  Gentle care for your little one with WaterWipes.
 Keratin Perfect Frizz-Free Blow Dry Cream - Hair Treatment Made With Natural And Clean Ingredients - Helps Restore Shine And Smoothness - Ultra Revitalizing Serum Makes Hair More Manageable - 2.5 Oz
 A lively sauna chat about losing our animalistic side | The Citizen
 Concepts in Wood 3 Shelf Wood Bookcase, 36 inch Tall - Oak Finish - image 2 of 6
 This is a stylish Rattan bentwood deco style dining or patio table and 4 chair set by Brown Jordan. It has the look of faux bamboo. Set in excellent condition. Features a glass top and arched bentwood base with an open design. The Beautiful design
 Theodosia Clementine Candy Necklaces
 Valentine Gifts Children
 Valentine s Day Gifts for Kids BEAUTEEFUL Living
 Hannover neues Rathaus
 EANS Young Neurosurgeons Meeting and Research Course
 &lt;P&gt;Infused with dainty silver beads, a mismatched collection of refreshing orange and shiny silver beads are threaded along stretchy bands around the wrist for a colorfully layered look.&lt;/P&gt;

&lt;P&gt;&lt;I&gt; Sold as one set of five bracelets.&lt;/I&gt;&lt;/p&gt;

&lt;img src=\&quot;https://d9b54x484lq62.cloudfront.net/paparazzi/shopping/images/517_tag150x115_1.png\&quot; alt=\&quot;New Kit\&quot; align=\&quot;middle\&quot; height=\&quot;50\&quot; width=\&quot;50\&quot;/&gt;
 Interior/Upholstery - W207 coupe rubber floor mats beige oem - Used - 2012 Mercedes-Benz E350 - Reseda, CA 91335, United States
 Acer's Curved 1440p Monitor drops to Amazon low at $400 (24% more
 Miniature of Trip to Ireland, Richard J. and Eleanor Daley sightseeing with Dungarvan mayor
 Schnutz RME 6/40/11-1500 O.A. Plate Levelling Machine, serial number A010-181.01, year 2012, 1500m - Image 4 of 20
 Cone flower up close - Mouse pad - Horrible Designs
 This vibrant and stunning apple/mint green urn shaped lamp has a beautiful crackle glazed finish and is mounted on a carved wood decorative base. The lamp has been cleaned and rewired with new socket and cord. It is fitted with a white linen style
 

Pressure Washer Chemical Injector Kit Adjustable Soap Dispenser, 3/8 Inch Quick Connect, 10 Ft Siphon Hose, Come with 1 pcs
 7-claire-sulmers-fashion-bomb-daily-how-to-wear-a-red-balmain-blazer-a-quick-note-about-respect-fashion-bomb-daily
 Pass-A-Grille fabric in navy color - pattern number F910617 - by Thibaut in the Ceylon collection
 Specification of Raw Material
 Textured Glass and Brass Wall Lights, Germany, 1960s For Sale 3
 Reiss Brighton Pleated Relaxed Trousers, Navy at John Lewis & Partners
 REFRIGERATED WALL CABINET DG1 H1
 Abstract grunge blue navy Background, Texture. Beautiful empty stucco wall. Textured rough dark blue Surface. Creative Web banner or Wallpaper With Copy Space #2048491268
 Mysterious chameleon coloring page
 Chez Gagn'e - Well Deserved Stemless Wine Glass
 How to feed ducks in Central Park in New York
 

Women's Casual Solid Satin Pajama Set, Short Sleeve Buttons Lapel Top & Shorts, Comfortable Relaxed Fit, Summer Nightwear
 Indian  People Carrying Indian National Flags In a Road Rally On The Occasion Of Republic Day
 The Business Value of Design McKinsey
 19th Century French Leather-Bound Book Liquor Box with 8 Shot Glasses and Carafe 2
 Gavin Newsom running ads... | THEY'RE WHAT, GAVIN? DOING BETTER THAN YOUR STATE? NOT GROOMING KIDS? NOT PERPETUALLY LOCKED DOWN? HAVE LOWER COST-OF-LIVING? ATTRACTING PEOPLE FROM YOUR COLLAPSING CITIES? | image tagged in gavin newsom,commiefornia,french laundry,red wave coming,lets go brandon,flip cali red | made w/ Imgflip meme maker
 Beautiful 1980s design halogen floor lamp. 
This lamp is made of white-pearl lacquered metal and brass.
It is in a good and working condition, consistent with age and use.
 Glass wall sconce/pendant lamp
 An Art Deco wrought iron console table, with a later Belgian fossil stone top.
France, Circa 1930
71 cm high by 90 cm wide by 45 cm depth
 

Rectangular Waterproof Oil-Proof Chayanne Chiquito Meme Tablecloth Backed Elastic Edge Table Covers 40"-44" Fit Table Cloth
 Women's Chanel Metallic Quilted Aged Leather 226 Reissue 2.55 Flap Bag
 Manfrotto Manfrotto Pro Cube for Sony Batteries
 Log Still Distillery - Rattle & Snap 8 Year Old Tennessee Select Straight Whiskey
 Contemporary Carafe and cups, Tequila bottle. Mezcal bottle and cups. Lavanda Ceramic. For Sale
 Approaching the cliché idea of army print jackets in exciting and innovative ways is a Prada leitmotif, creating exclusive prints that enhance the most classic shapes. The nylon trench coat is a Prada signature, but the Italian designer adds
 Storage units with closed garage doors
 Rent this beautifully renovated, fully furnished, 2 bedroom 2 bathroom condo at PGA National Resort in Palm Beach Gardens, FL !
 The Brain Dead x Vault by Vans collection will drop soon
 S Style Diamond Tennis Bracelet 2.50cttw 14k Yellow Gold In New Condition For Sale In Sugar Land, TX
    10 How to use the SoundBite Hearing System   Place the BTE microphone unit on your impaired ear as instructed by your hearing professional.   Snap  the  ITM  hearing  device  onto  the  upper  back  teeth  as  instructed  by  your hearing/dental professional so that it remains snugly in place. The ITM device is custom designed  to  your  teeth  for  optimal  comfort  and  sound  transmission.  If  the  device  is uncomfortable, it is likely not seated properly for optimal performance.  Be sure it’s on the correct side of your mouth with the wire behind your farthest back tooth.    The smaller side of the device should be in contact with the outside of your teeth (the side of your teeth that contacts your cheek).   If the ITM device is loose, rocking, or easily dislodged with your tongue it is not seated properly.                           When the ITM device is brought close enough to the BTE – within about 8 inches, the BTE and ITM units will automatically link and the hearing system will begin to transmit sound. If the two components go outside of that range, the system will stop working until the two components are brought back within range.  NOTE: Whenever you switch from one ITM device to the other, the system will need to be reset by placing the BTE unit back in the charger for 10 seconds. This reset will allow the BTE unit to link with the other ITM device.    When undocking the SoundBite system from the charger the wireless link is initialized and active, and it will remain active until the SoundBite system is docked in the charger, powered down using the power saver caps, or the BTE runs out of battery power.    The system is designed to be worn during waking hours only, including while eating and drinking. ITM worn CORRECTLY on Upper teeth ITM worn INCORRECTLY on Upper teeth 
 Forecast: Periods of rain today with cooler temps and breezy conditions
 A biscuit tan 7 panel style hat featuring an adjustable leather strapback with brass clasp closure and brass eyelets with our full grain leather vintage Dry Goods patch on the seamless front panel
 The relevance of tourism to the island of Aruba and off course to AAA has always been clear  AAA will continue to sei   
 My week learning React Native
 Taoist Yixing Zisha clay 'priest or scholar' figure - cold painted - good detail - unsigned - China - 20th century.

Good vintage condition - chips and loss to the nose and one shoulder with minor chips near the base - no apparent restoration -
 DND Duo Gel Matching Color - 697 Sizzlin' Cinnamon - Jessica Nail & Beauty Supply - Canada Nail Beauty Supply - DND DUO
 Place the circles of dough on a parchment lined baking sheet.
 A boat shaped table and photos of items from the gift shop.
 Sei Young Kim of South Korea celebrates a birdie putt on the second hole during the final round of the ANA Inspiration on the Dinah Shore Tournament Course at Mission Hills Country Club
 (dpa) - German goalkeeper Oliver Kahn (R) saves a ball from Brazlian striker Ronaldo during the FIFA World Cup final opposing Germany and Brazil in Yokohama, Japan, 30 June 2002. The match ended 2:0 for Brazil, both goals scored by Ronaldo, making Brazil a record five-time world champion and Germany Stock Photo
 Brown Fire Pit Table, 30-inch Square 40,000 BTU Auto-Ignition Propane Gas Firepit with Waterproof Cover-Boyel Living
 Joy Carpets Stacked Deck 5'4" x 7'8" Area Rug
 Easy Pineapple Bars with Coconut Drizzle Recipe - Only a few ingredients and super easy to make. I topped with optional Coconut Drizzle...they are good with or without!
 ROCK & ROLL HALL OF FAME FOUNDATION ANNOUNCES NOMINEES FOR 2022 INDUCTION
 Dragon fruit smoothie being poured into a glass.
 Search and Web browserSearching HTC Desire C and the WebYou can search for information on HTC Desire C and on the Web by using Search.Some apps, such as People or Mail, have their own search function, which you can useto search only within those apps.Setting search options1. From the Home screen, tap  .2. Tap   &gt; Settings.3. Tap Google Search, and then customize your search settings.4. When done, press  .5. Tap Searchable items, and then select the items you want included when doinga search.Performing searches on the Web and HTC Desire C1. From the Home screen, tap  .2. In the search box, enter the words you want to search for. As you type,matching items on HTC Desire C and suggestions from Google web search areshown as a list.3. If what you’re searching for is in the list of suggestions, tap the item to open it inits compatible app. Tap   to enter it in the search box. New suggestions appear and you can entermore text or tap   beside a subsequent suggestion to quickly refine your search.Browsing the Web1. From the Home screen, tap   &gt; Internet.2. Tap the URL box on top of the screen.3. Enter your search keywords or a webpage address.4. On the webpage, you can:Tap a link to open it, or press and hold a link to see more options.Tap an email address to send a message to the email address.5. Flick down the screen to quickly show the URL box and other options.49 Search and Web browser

-*-*-

### Problem details
In the answer, give the lines from the first line of the data through the line with "Cone flower up", exactly as they appear and with no additions.

### Output of the task
  Gentle care for your little one with WaterWipes.
 Keratin Perfect Frizz-Free Blow Dry Cream - Hair Treatment Made With Natural And Clean Ingredients - Helps Restore Shine And Smoothness - Ultra Revitalizing Serum Makes Hair More Manageable - 2.5 Oz
 A lively sauna chat about losing our animalistic side | The Citizen
 Concepts in Wood 3 Shelf Wood Bookcase, 36 inch Tall - Oak Finish - image 2 of 6
 This is a stylish Rattan bentwood deco style dining or patio table and 4 chair set by Brown Jordan. It has the look of faux bamboo. Set in excellent condition. Features a glass top and arched bentwood base with an open design. The Beautiful design
 Theodosia Clementine Candy Necklaces
 Valentine Gifts Children
 Valentine s Day Gifts for Kids BEAUTEEFUL Living
 Hannover neues Rathaus
 EANS Young Neurosurgeons Meeting and Research Course
 &lt;P&gt;Infused with dainty silver beads, a mismatched collection of refreshing orange and shiny silver beads are threaded along stretchy bands around the wrist for a colorfully layered look.&lt;/P&gt;

&lt;P&gt;&lt;I&gt; Sold as one set of five bracelets.&lt;/I&gt;&lt;/p&gt;

&lt;img src=\&quot;https://d9b54x484lq62.cloudfront.net/paparazzi/shopping/images/517_tag150x115_1.png\&quot; alt=\&quot;New Kit\&quot; align=\&quot;middle\&quot; height=\&quot;50\&quot; width=\&quot;50\&quot;/&gt;
 Interior/Upholstery - W207 coupe rubber floor mats beige oem - Used - 2012 Mercedes-Benz E350 - Reseda, CA 91335, United States
 Acer's Curved 1440p Monitor drops to Amazon low at $400 (24% more
 Miniature of Trip to Ireland, Richard J. and Eleanor Daley sightseeing with Dungarvan mayor
 Schnutz RME 6/40/11-1500 O.A. Plate Levelling Machine, serial number A010-181.01, year 2012, 1500m - Image 4 of 20
 Cone flower up close - Mouse pad - Horrible Designs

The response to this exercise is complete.